╔══

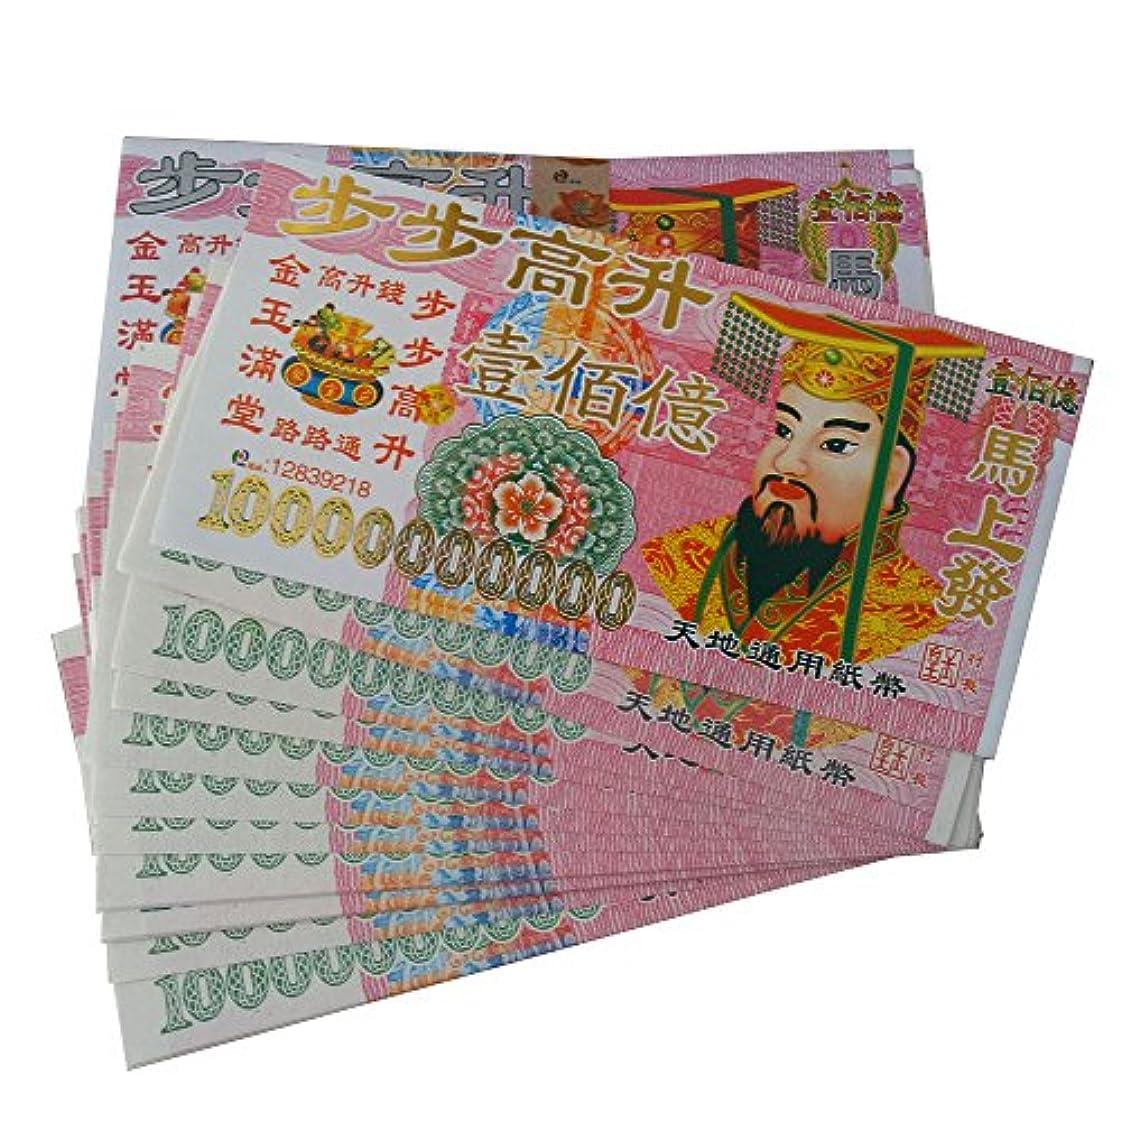 退化するレンディション先生zeestar Chinese Joss Paper Money Hell Bank Note $ 10,000,000,000 9.8インチx 5.1インチ(パックof 120 )
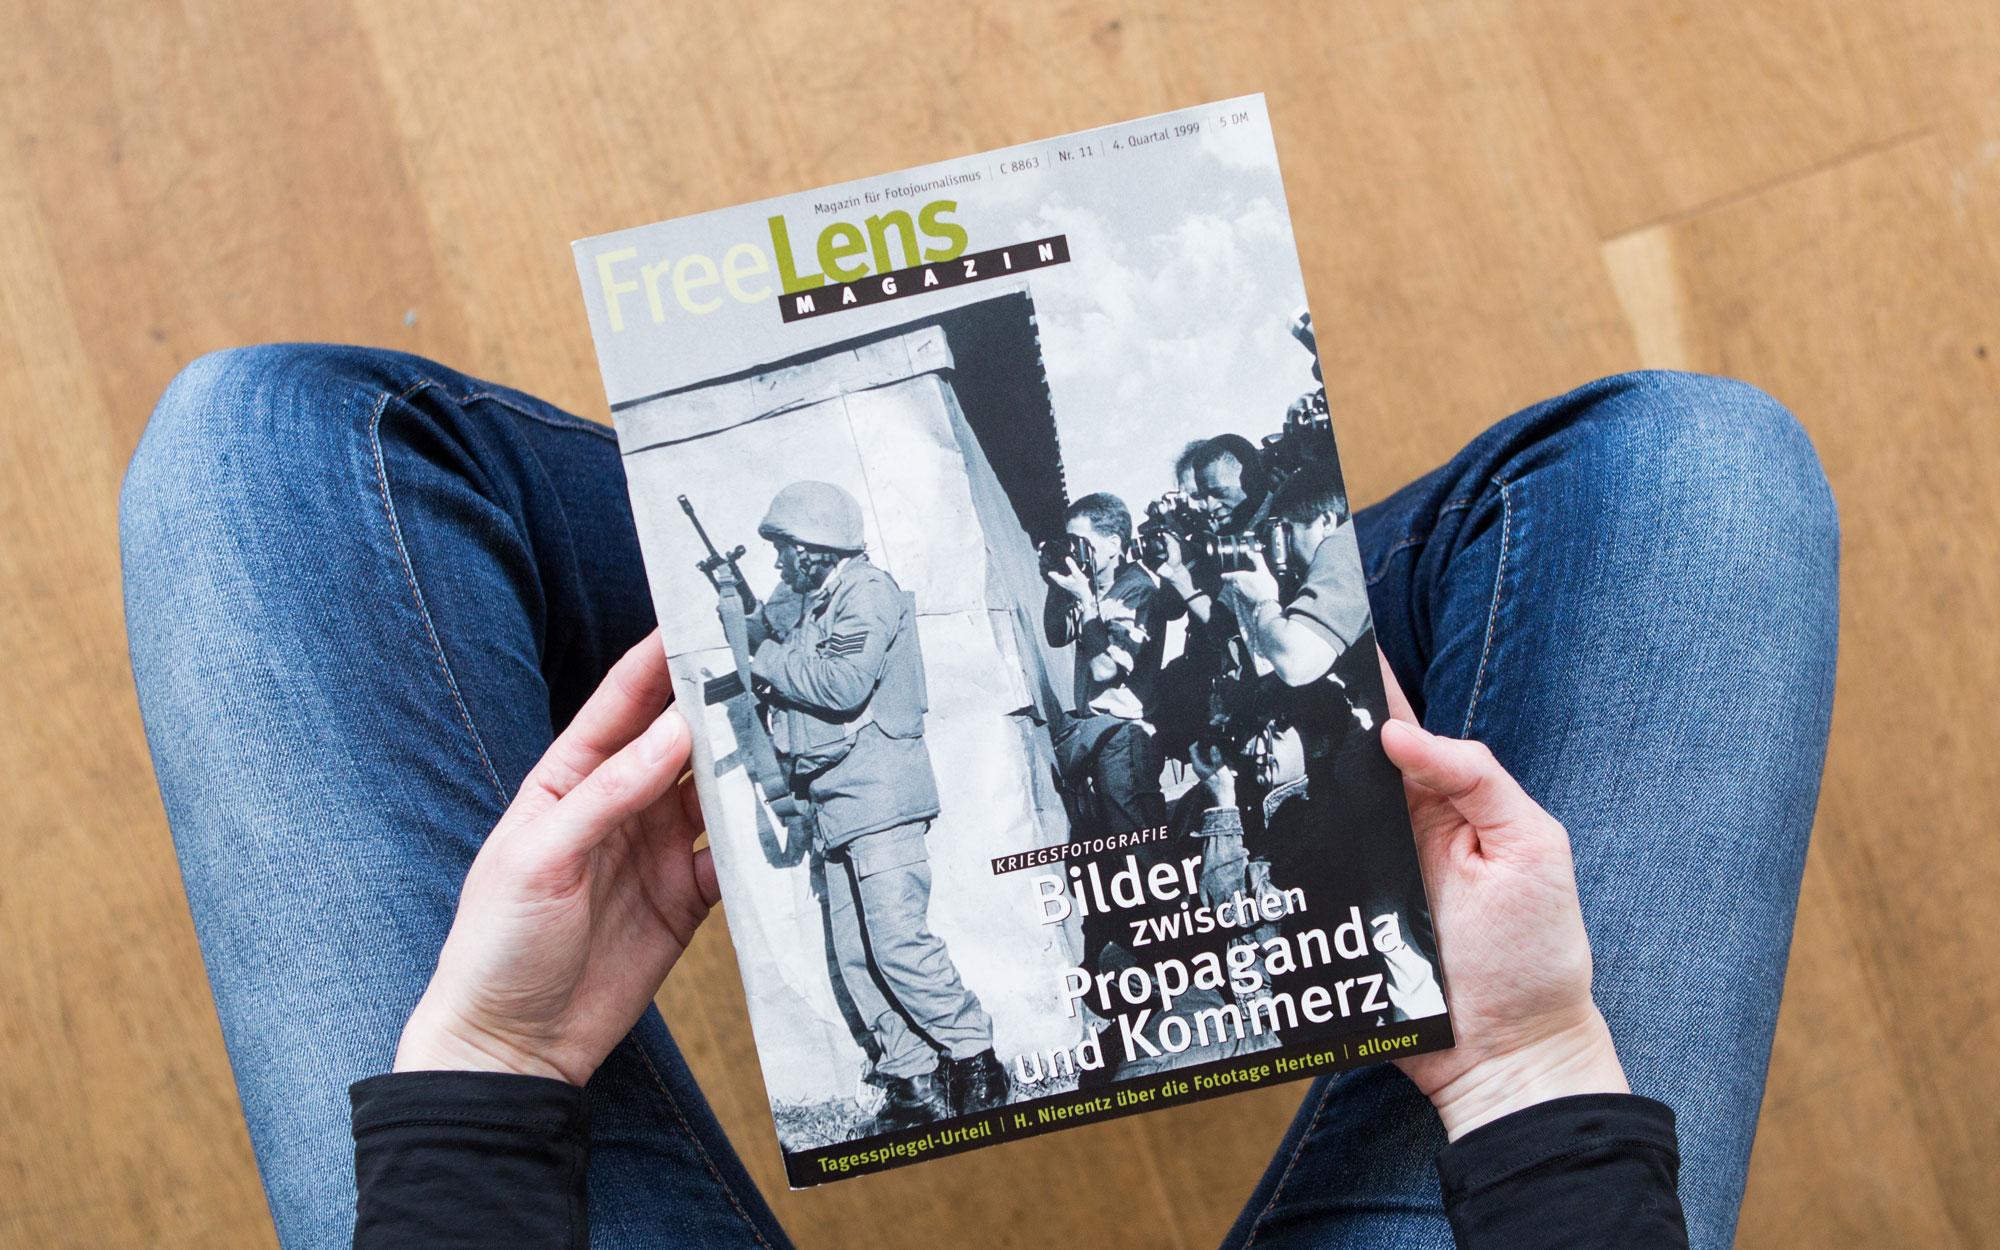 Kriegsfotografie – Bilder zwischen Propaganda und Kommerz. Das Titelfoto zeigt einen Ausschnitt einer Aufnahme von Gideon Mendel. Foto: Lucas Wahl
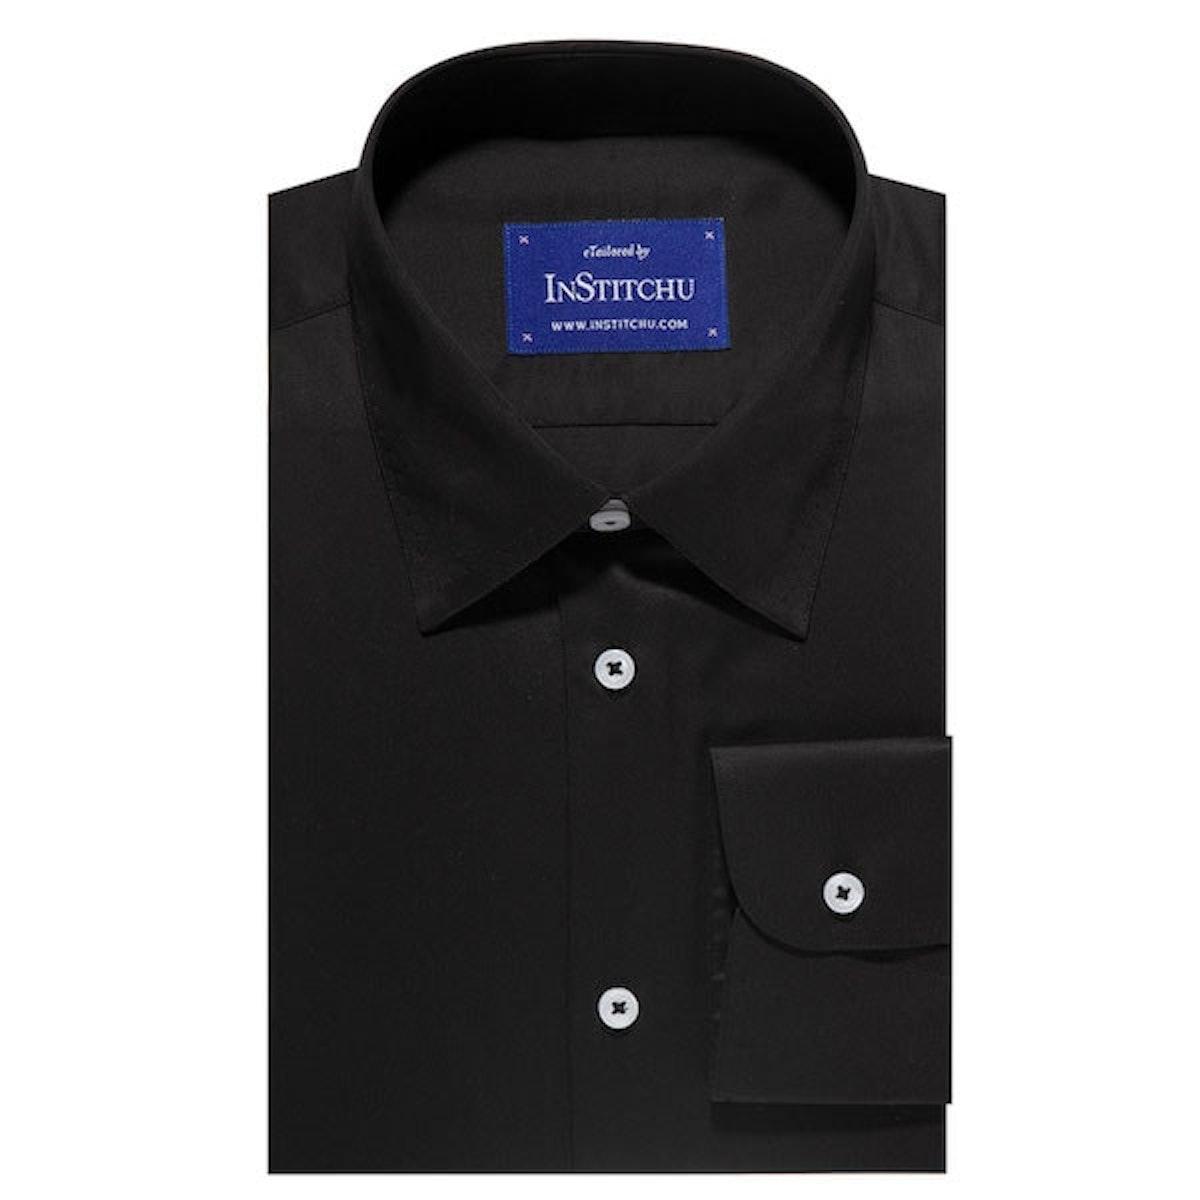 InStitchu Shirt Fabric 21
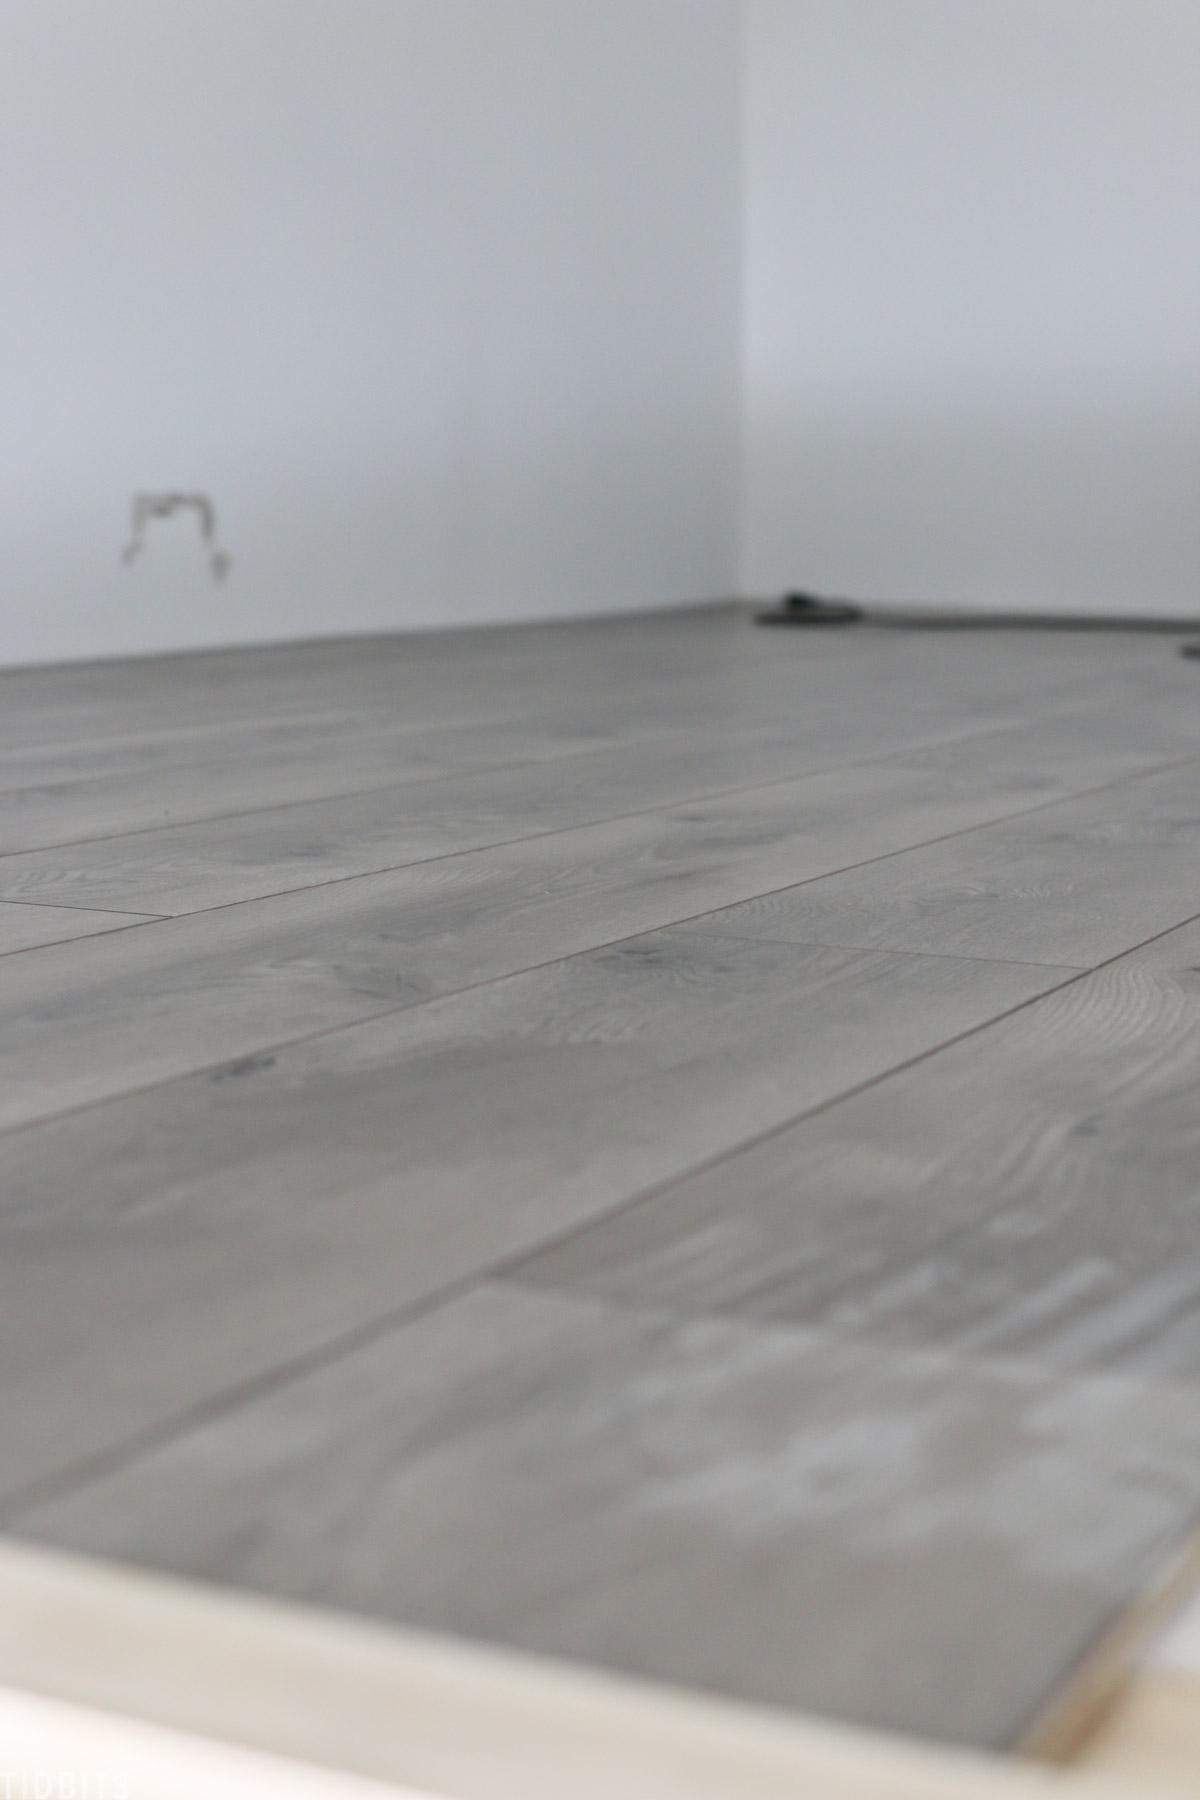 hardwood floor install in play loft in kids' bedroom
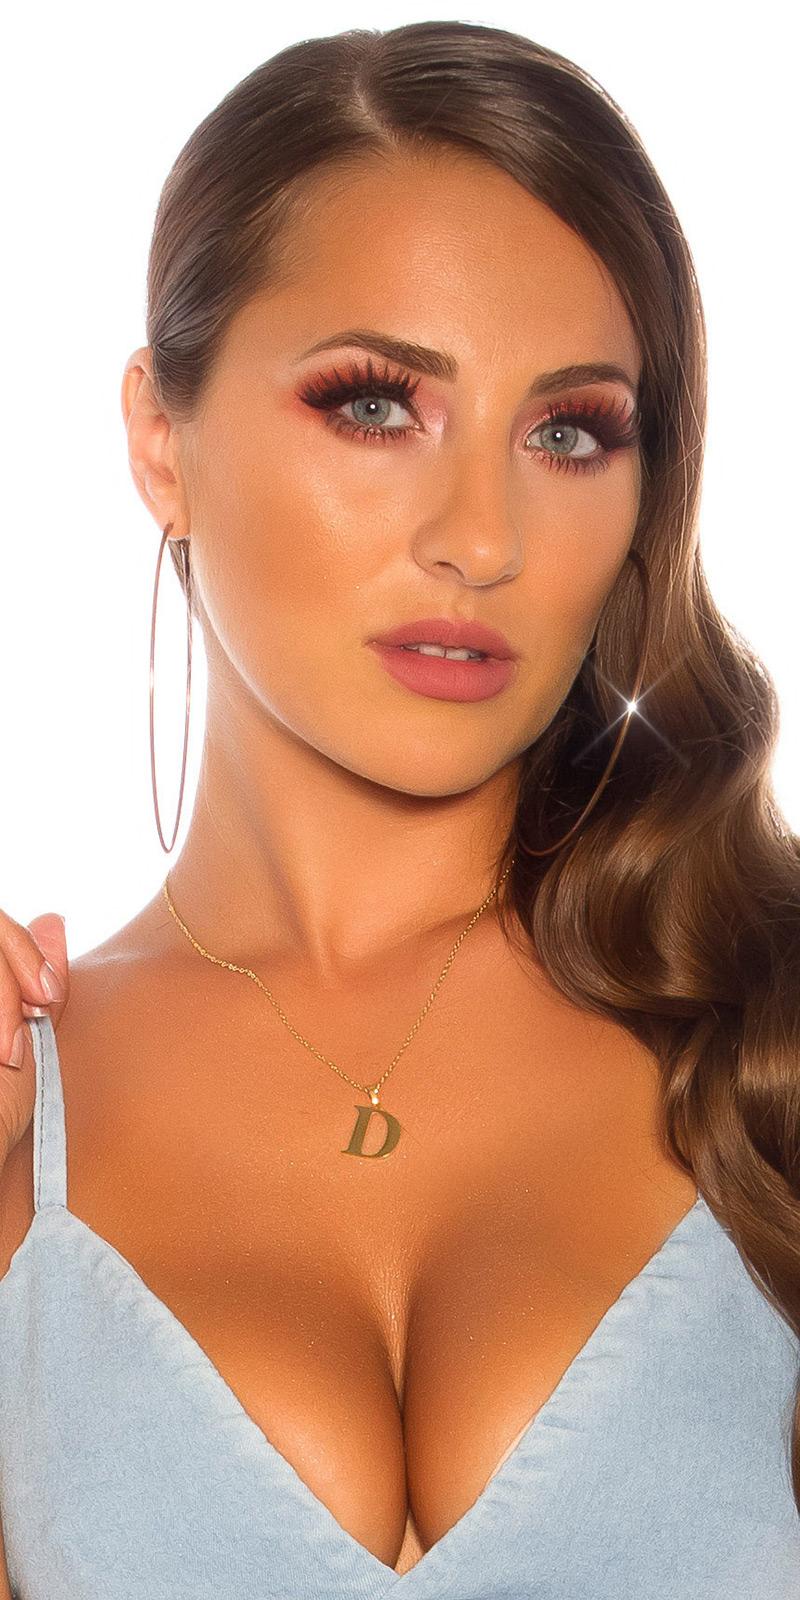 Lantic femei Sexy letter D

╚══

_Task prompt_
Copy out only the lines from the one containing "hardwood floor install" to the end of the entries, unchanged. Drop the pictures.

_Result of the task_
 hardwood floor install in play loft in kids' bedroom
 Lantic femei Sexy letter D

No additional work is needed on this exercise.